А вот оно в чем дело... Но это же неправильно! я же могу сейчас просто разослать по разным адресам на мейле, например, Trojan.Krotten или еще что-нибудь более опасное...и ничего. И еще пишут у каждого письма "проверено антивирусом...". На яндекс-почте я не могу прикрепить к письму даже программу-шутку, проходящую по базе Dr.Web.

----------


## XP user

> А вот оно в чем дело... Но это же неправильно!

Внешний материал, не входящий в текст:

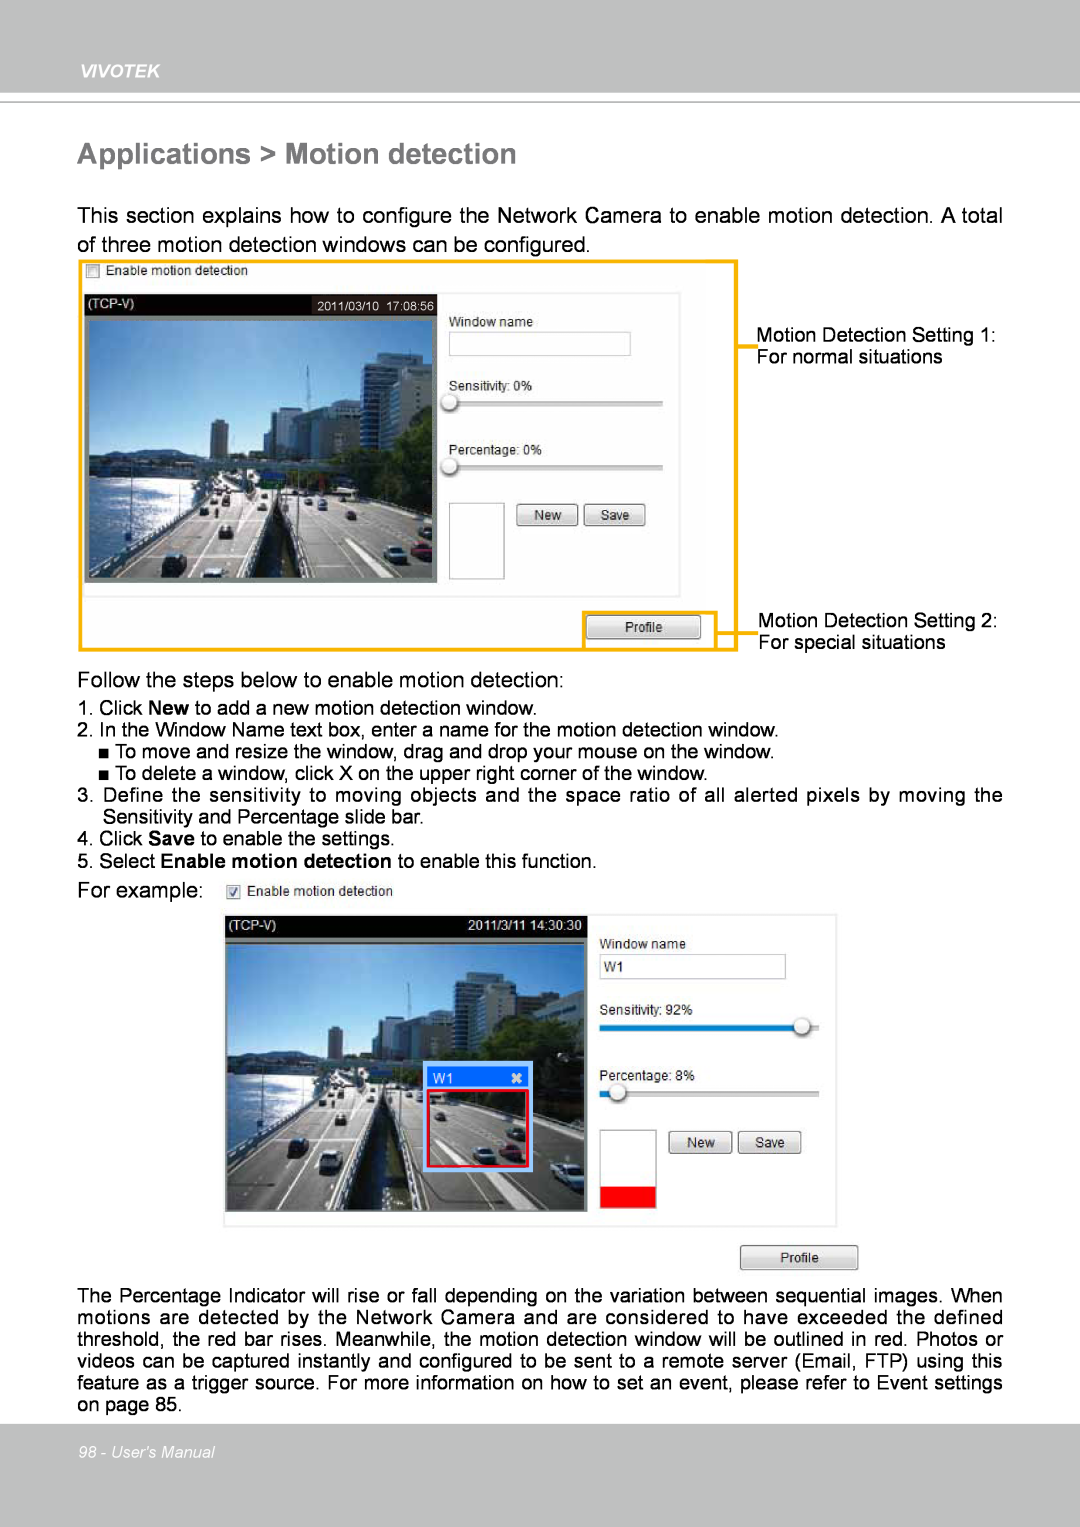 Vivotek IP8352 manual Applications > Motion detection, Follow the steps below to enable motion detection, For example

Знаете, что они на это отвечают? 'Не нравится - не пользуетесь.' Поэтому и ушёл оттуда. Скажу вам даже вот что: весь домен mail.ru у меня заблокирован, вместе с rambler, yandex, liveinternet, livejournal, и др.

Paul

----------


## 1205

> Знаете, что они на это отвечают? 'Не нравится - не пользуетесь.' Поэтому и ушёл оттуда. Скажу вам даже вот что: весь домен mail.ru у меня заблокирован, вместе с rambler, yandex, liveinternet, livejournal, и др.
> 
> Paul


Ну рамблер-это другое... Я там зарегил ящик только для получения номера ICQ года 1,5 назад. Этим номером до сих пор пользуюсь, но на рамблеровский e-mail за это время не свалилось ни одного "лишнего" письма.
А ресурс mail.ru мне нужен в основном из-за агента. Самому этот агент как программа не нравится. Но по не совсем понятным причинам, многие мои друзья предпочитают для общения mail агент вместо ICQ.

----------


## XP user

> А ресурс mail.ru мне нужен в основном из-за агента. Самому этот агент как программа не нравится. Но по не совсем понятным причинам, многие мои друзья предпочитают для общения mail агент вместо ICQ.


Pinch часто делает вид, что он на самом деле menu.dll из C:\Documents and Settings\юзер\Application Data\Mra\Update\

Paul

----------


## 1205

> Pinch часто делает вид, что он на самом деле menu.dll из C:\Documents and Settings\юзер\Application Data\Mra\Update\
> 
> Paul


Интересненько...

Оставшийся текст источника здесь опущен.